El Unicornio, o Monoceros como es su nombre oficial, es una constelación moderna. No se menciona en el Almagesto de Ptolomeo (siglo II) ni en el Libro de las Estrellas Fijas de Abd Al-Rahman Al-Sufi (siglo X). Su nombre hay que anotarlo en el haber de Petrus Plancius, astrónomo holandés que lo aportó en 1.613, aunque fue registrado por Jakob Bartsch, un hijo adoptivo de Kepler, en 1.624. Sin embargo, hay referencias a un “segundo caballo al sur de los Gemelos y del Cangrejo” en escritos de 1.564, y Joseph Scaliger, el inventor de la fecha juliana, afirma haberla encontrado en una esfera celeste de la antigua Persia.

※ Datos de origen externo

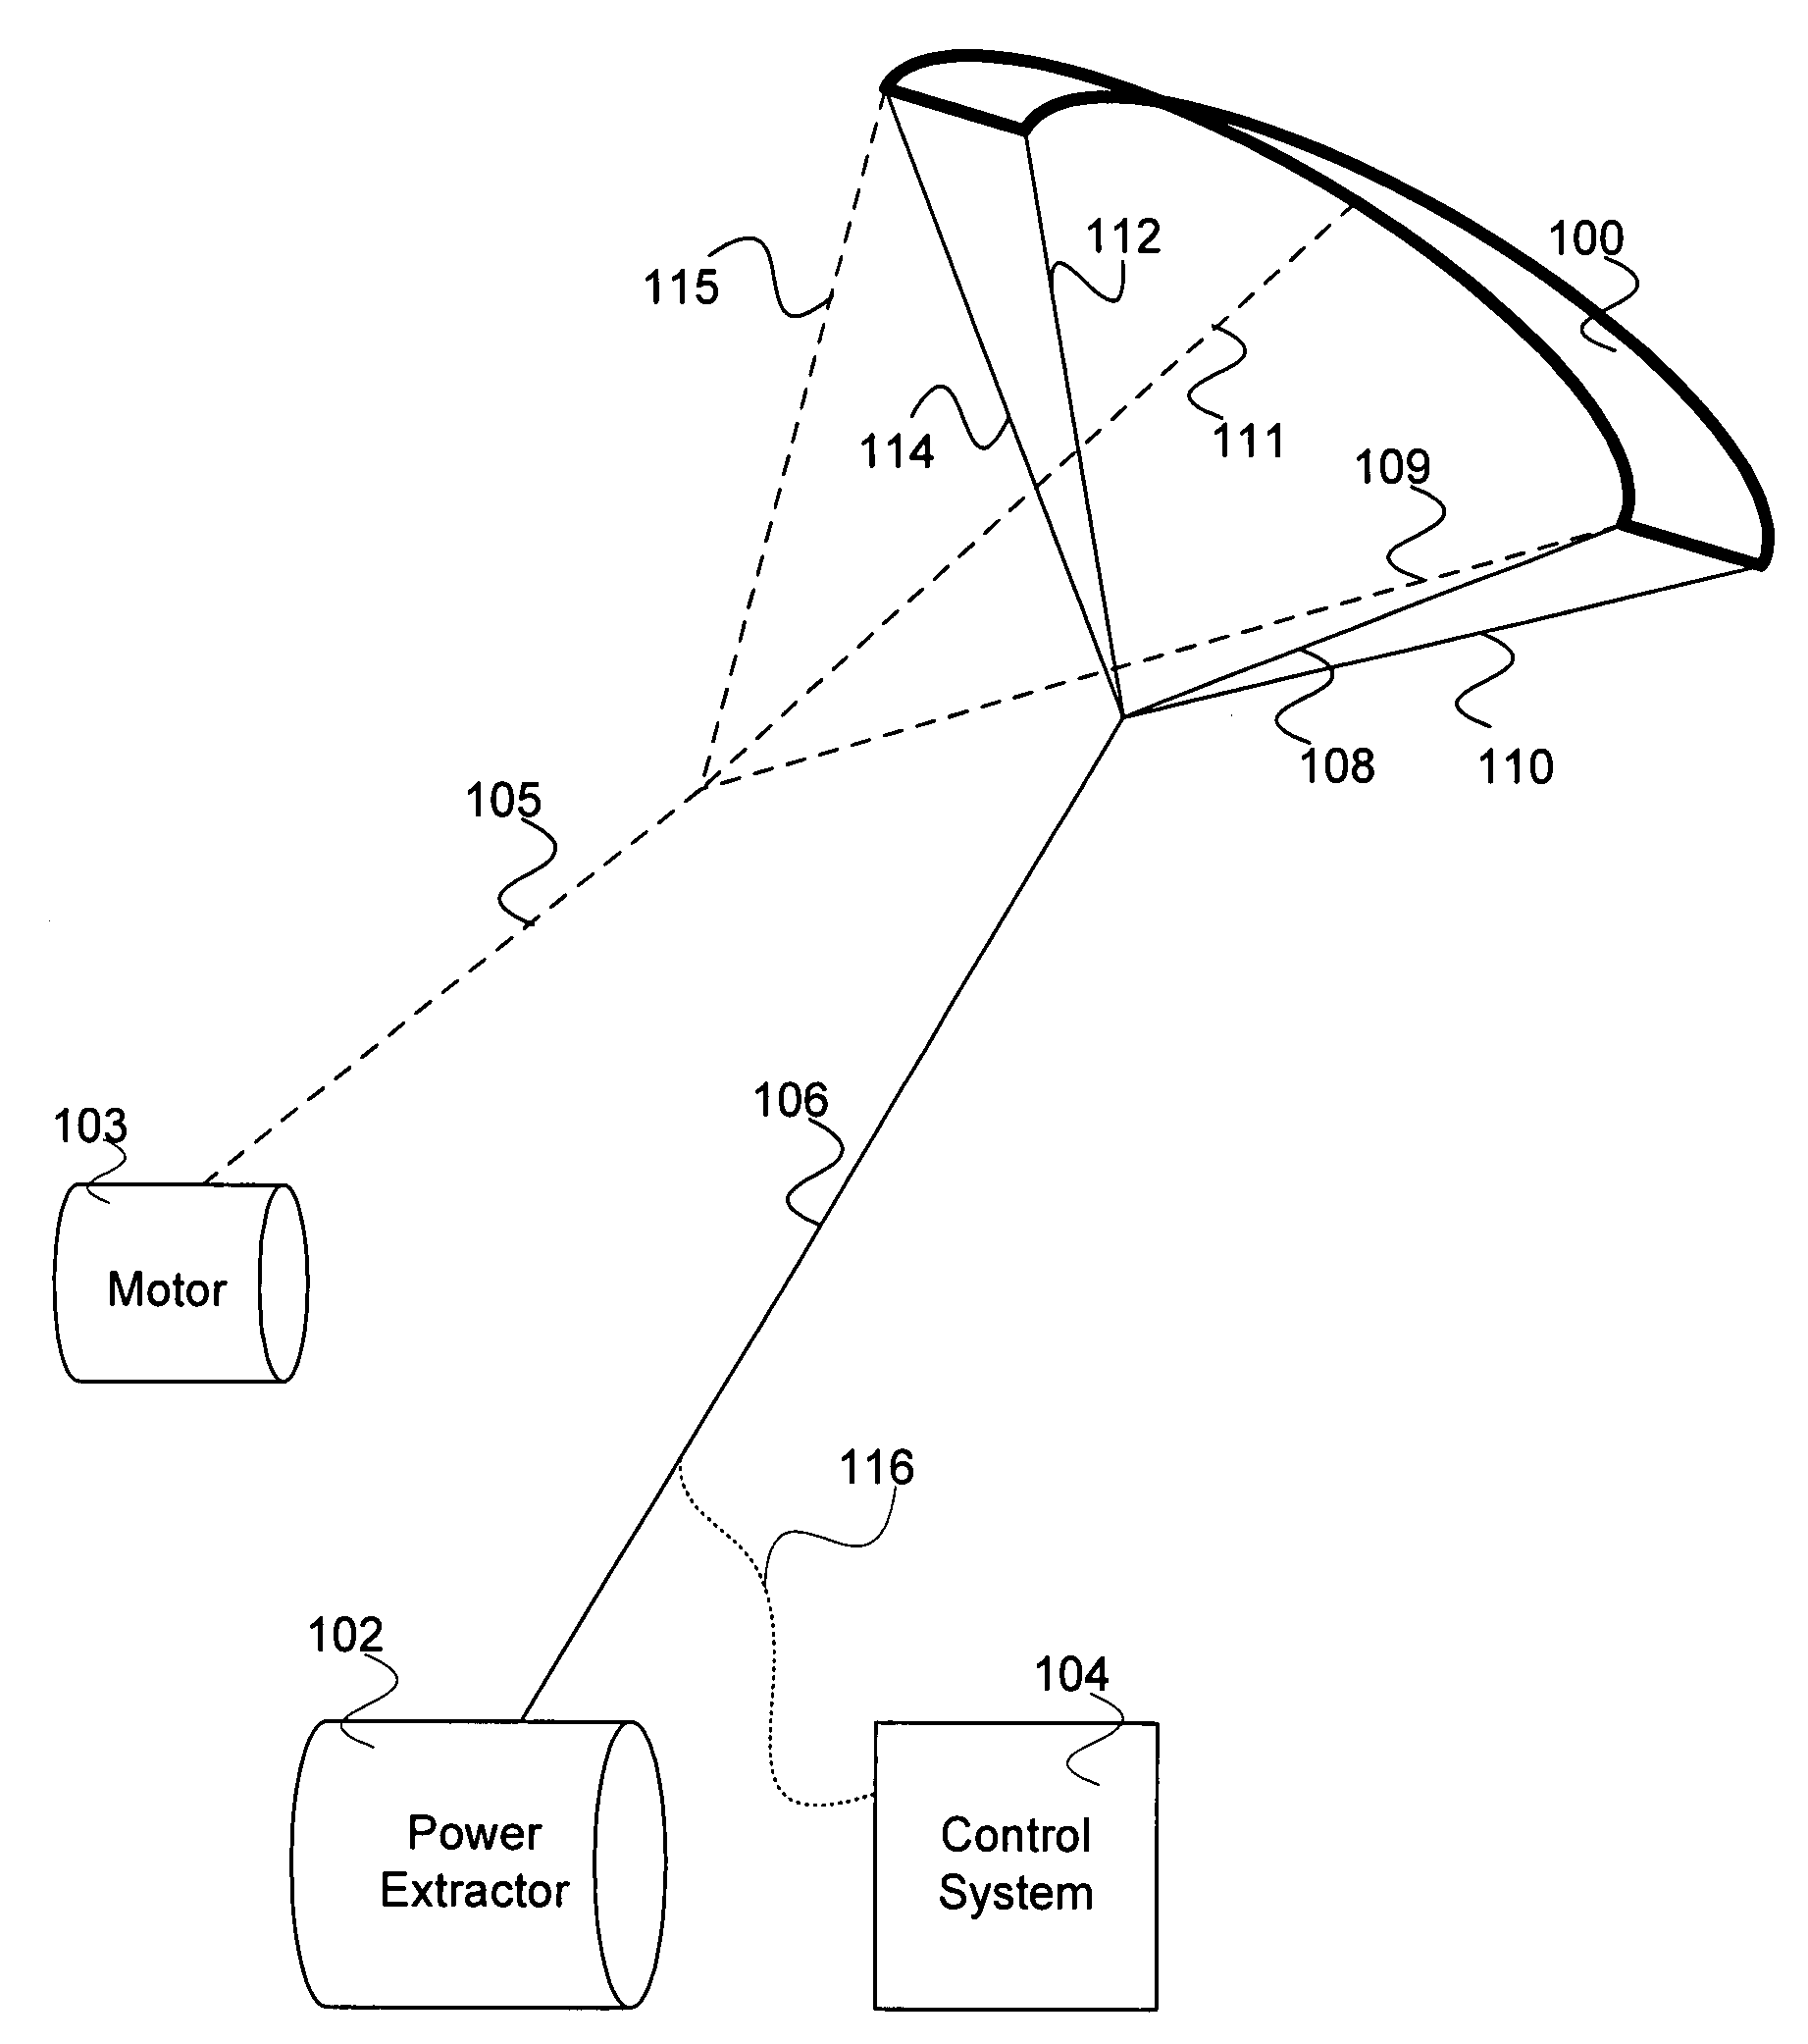 Bimodal kite system
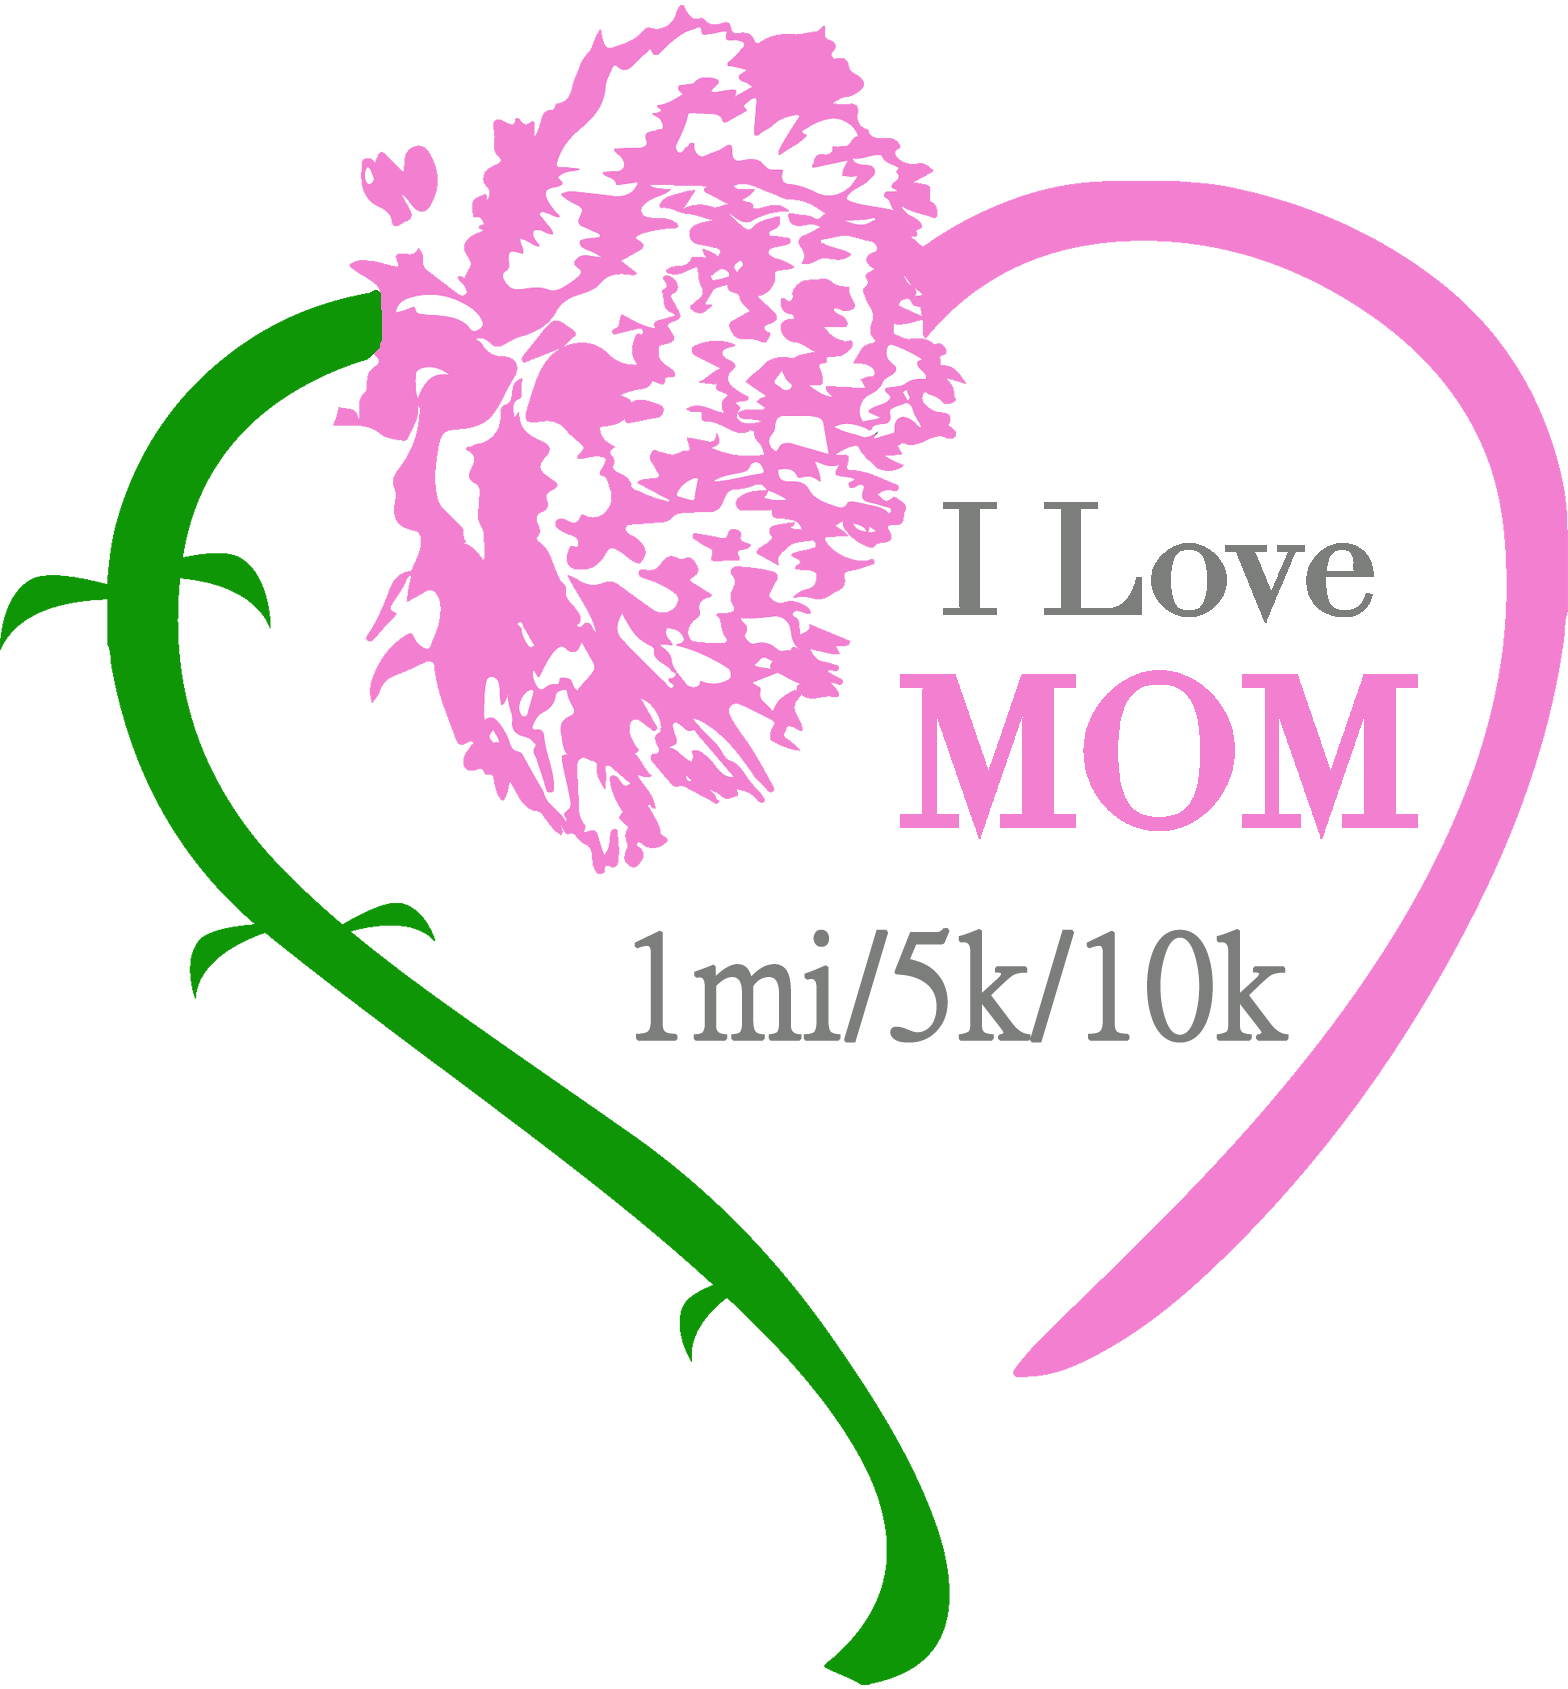 Ohio Mother's Day 1mi, 5k, 10k and FREE Kids Run: I Love MOM! - Columbus, Ohio

Ninguna de las estrellas de Monoceros tiene nombre propio, y tendremos que contentarnos con su letra de Bayer y su número de Flamsteed, en el mejor de los casos. Todas se van más allá de la cuarta magnitud, exceptuando Alpha y Gamma, que no la alcanzan por muy poco.

Alpha Monocerotis es la más brillante. Es una gigante anaranjada con magnitud visual +3.93 situada a una incierta distancia entre 144 y 180 años-luz. Se localiza en el sector sureste de la constelación, muy cerca de la frontera con Puppis.

Beta Monocerotis la sigue en brillo, y es la estrella más interesante de la constelación y, probablemente, la triple más hermosa de todo el firmamento. Esta triple, sorprendentemente maravillosa, fue descubierta en 1.781 por William Herschel, que también descubrió Urano, entre otras muchas aportaciones. Herschel dijo de ella: “One of the most beautiful sights in the heavens” (una de las vistas más bonitas de los cielos). Susceptible de ser resuelta por pequeños telescopios, las tres estrellas forman un elegante triángulo que podemos considerar fijo, pues sufre muy pequeñas variaciones con el tiempo. Las tres componentes son blanco-azuladas, con magnitudes de +4.6, +5.2 y ++5.6. A y B están separadas 7” de arco, y C se sitúa a 2.9” de C. Consideradas en magnitud conjunta, sería la estrella más brillante del Unicornio, con +3.76. El sistema está a una distancia de 690 años-luz.

V838 es la última estrella que trataremos en El Unicornio. Esta estrella, hasta el 2.002, era totalmente desconocida. Pero, en febrero de aquel año…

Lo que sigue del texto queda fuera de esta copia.